What needs to be done –
Reproduce exactly, leaving out pictures, each line from the one holding "River Running Through" through the final line of the listing, and add nothing.

Data segment –
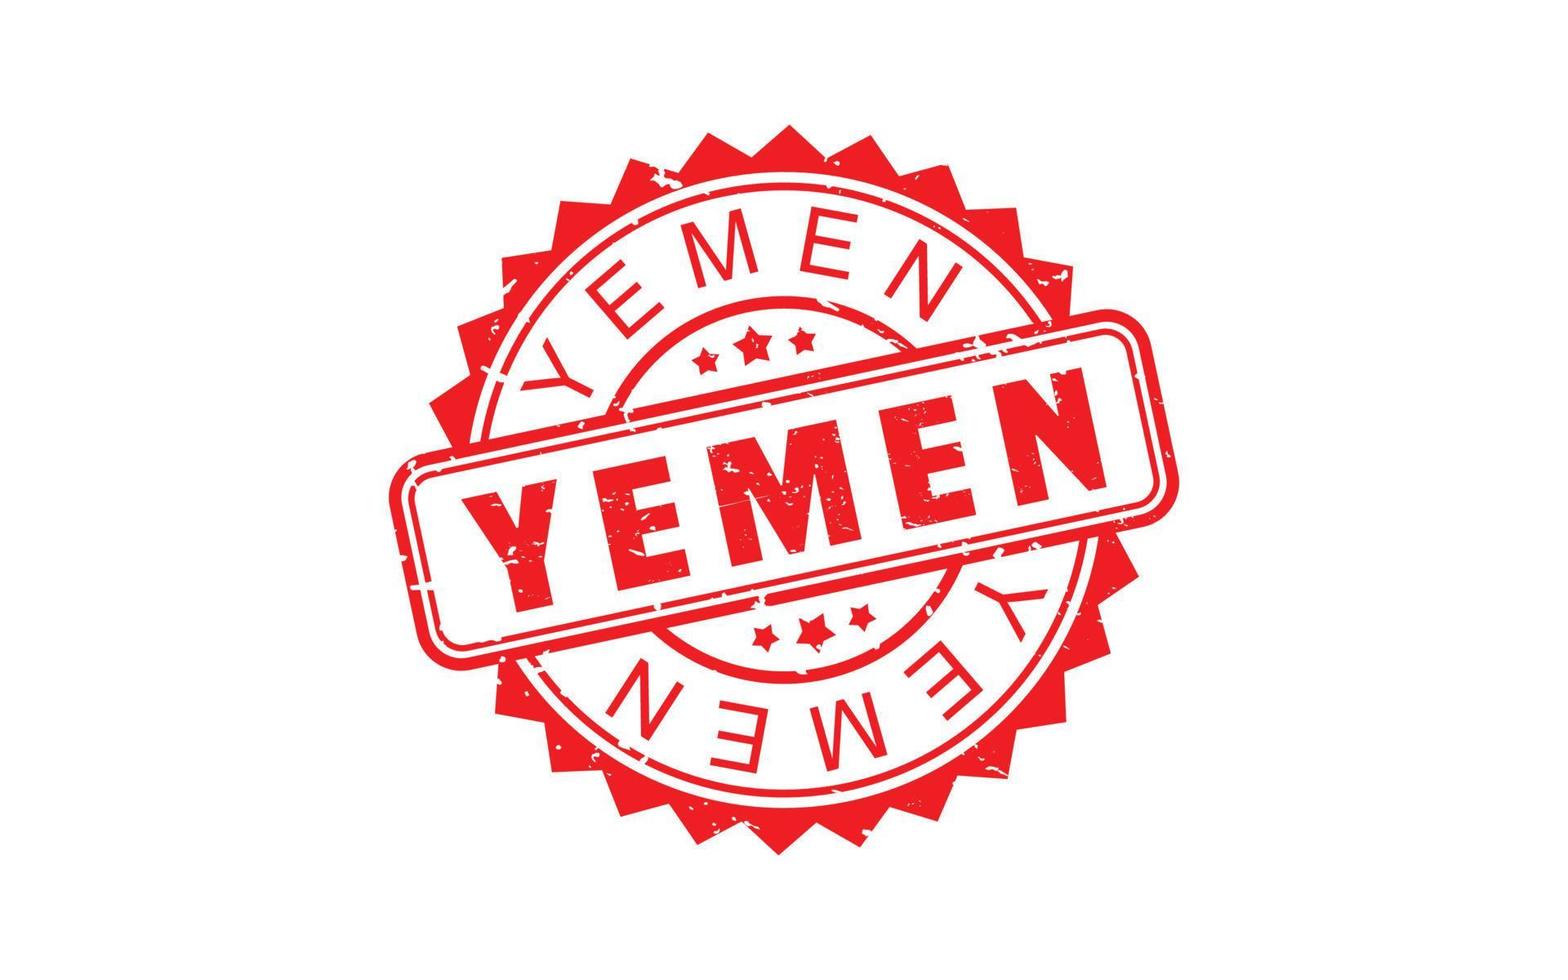 Jemen Briefmarke Gummi mit Grunge Stil auf Weiß Hintergrund vektor
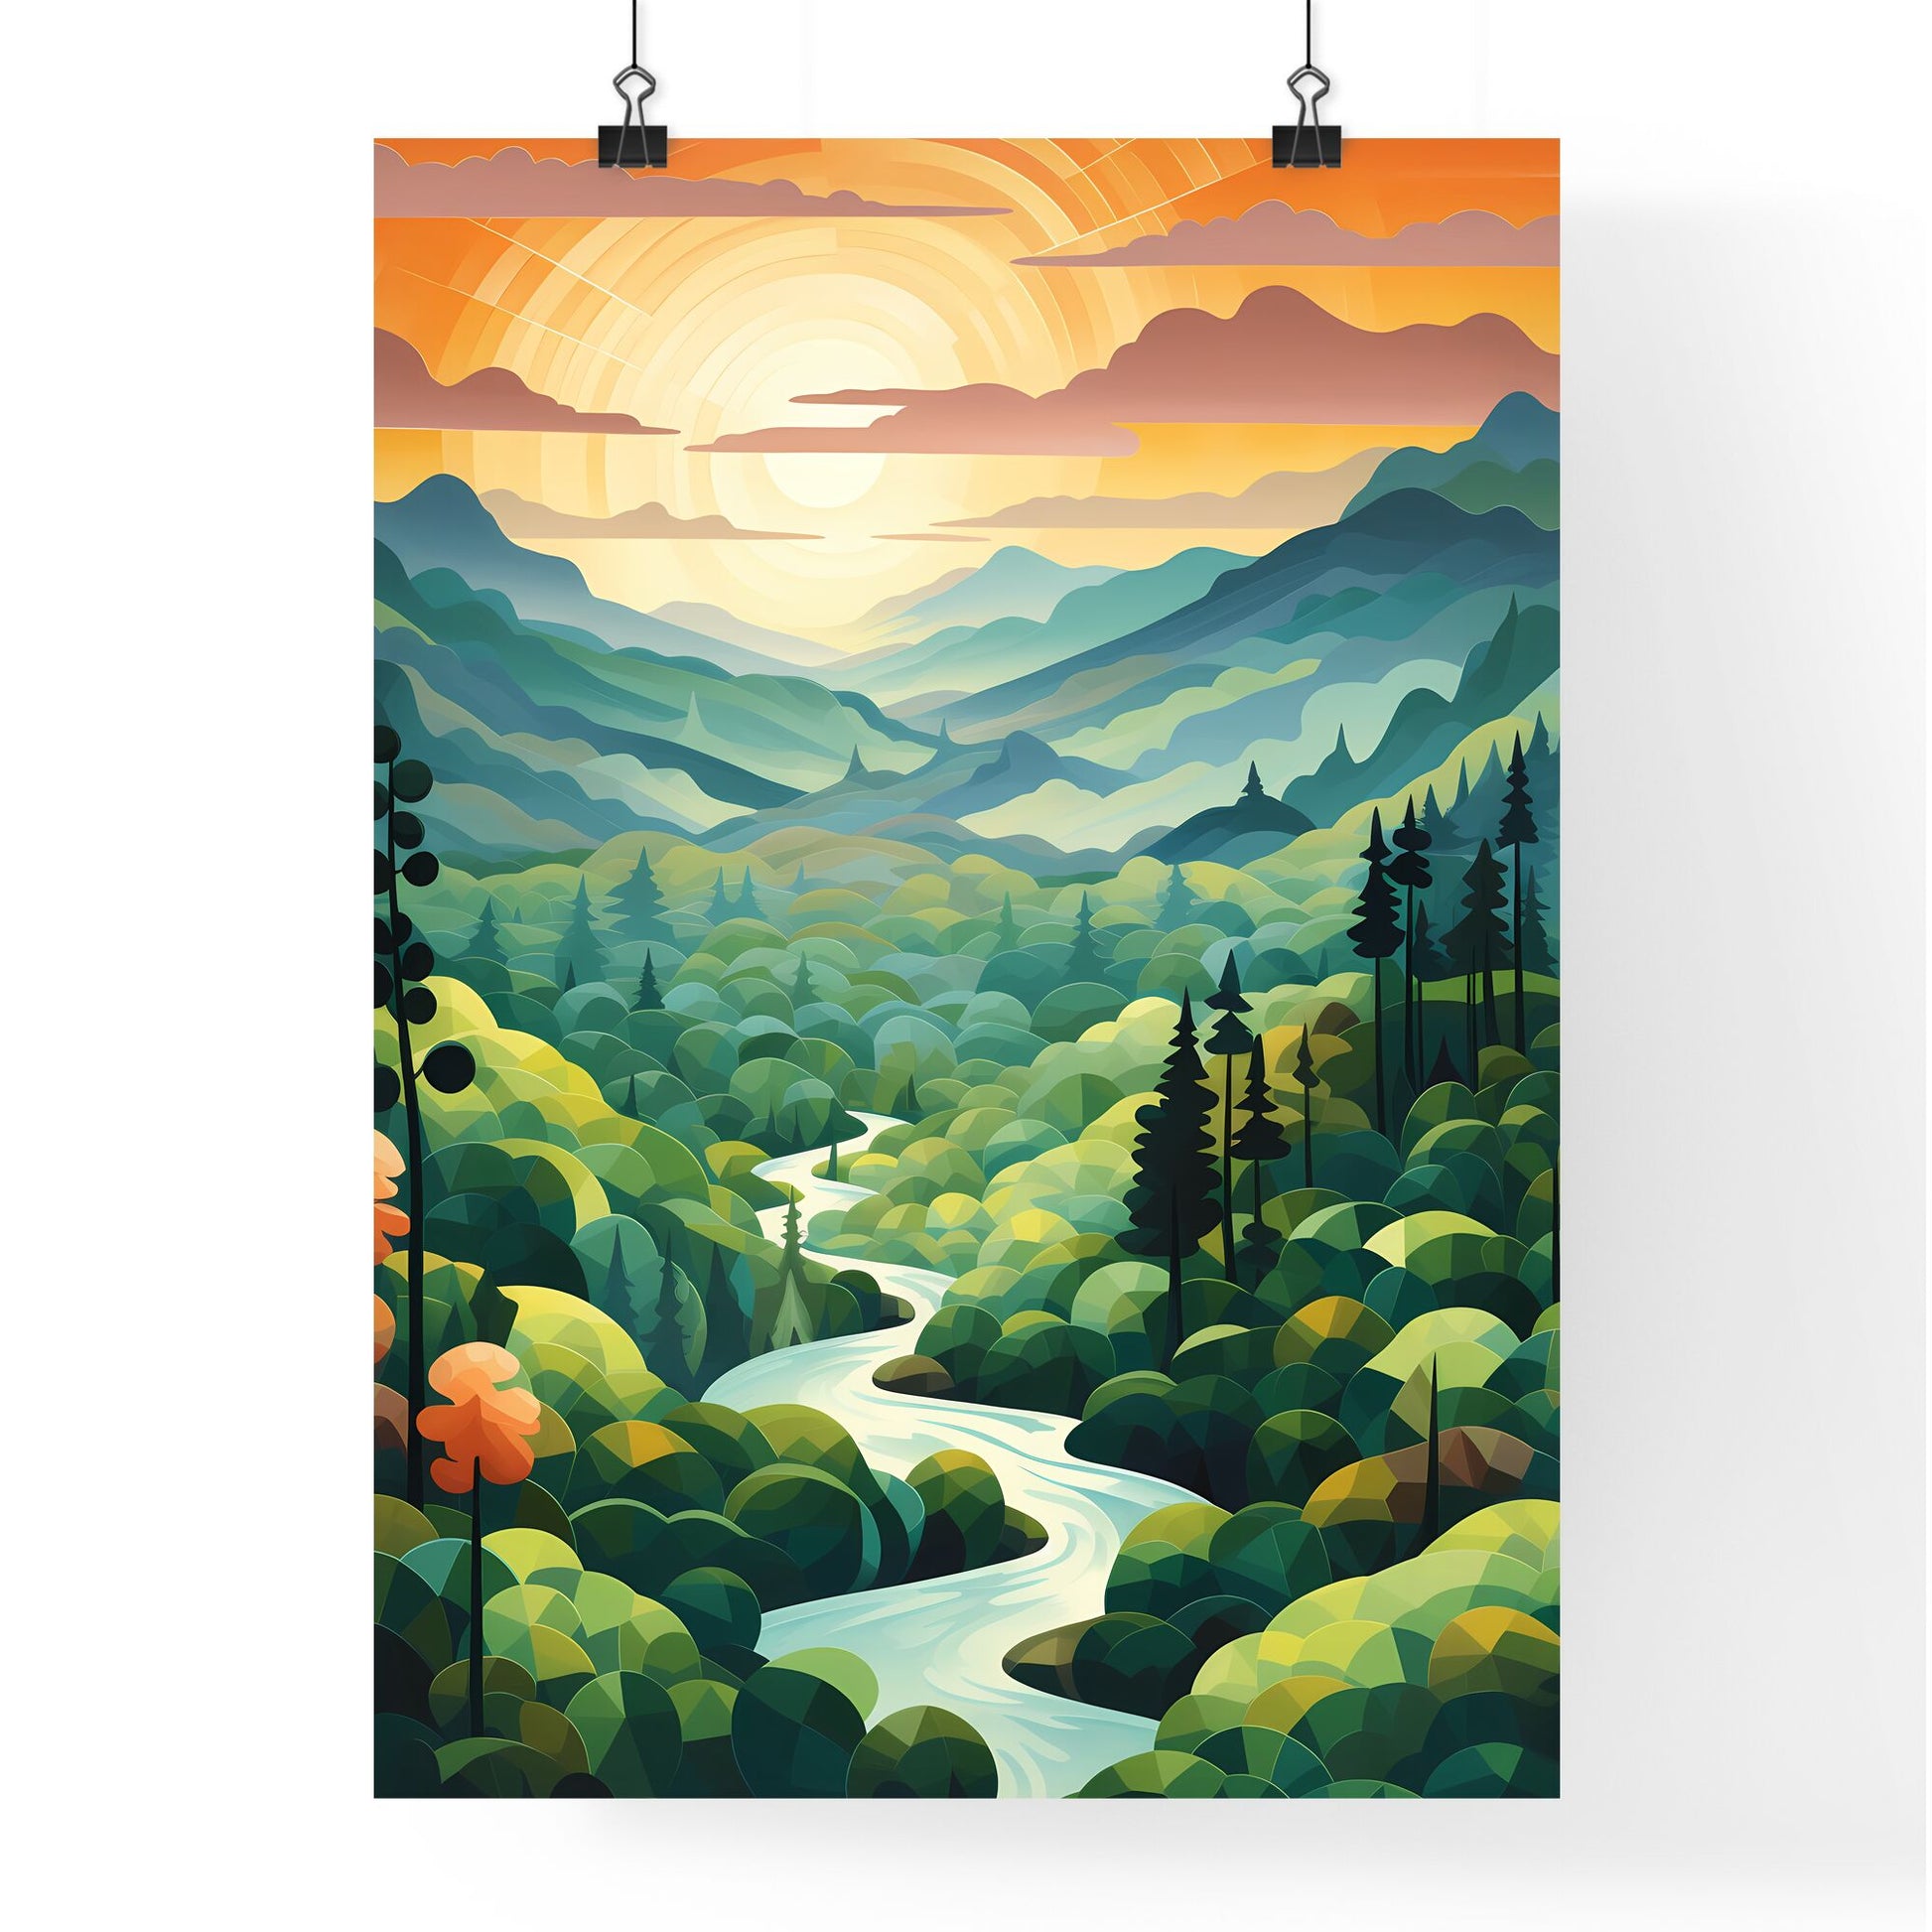 River Running Through A Forest Art Print Default Title
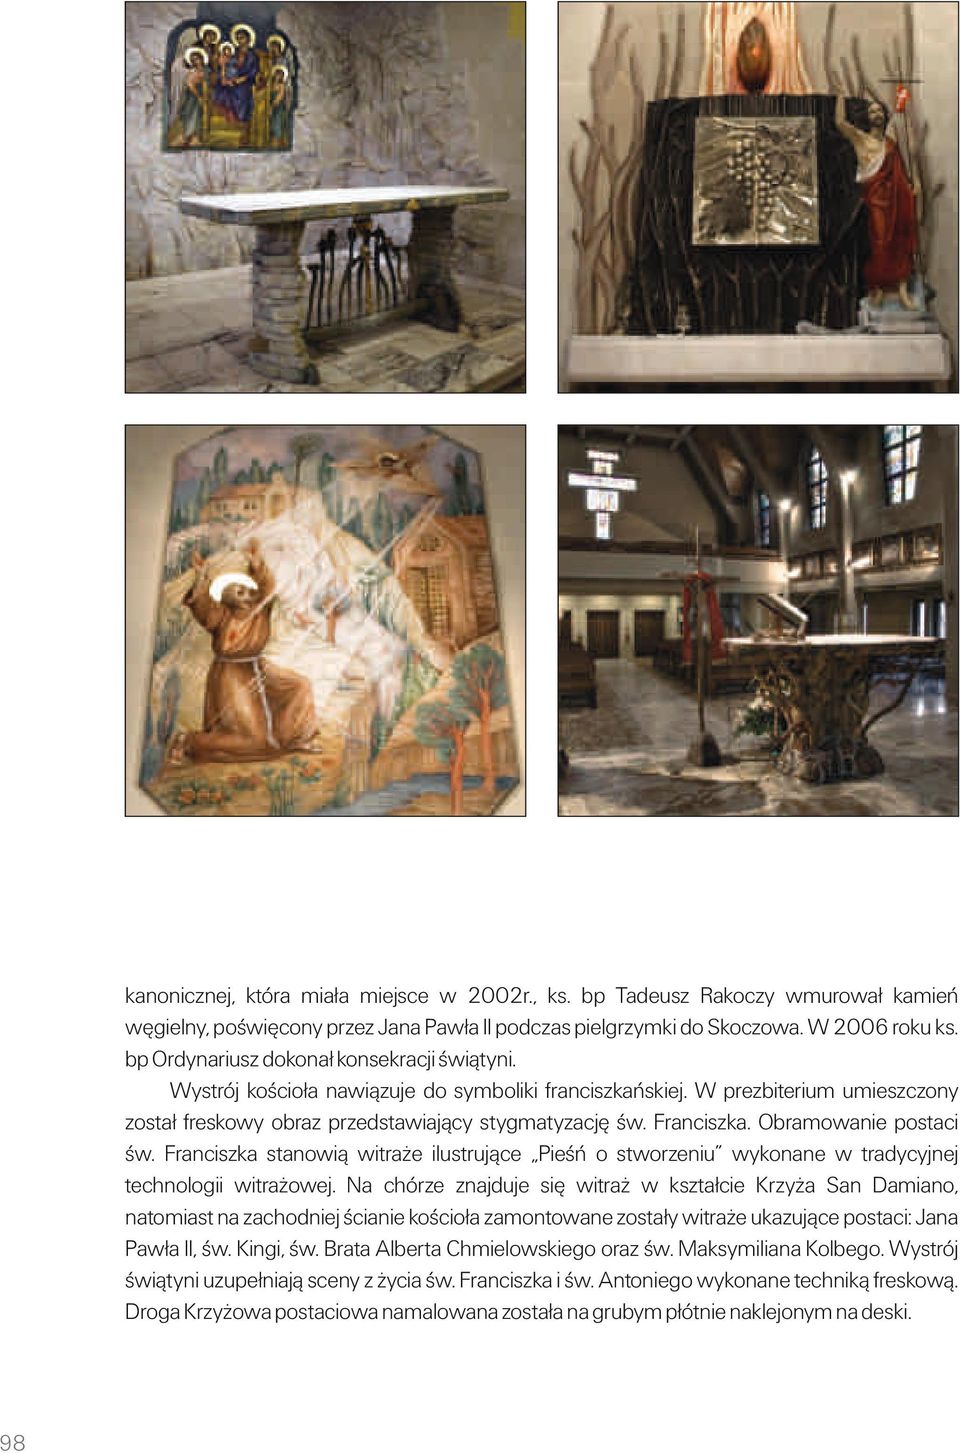 Obramowanie postaci św. Franciszka stanowią witraże ilustrujące Pieśń o stworzeniu wykonane w tradycyjnej technologii witrażowej.

Your solution –
 River Running Through A Forest Art Print Default Title
 Obramowanie postaci św. Franciszka stanowią witraże ilustrujące Pieśń o stworzeniu wykonane w tradycyjnej technologii witrażowej.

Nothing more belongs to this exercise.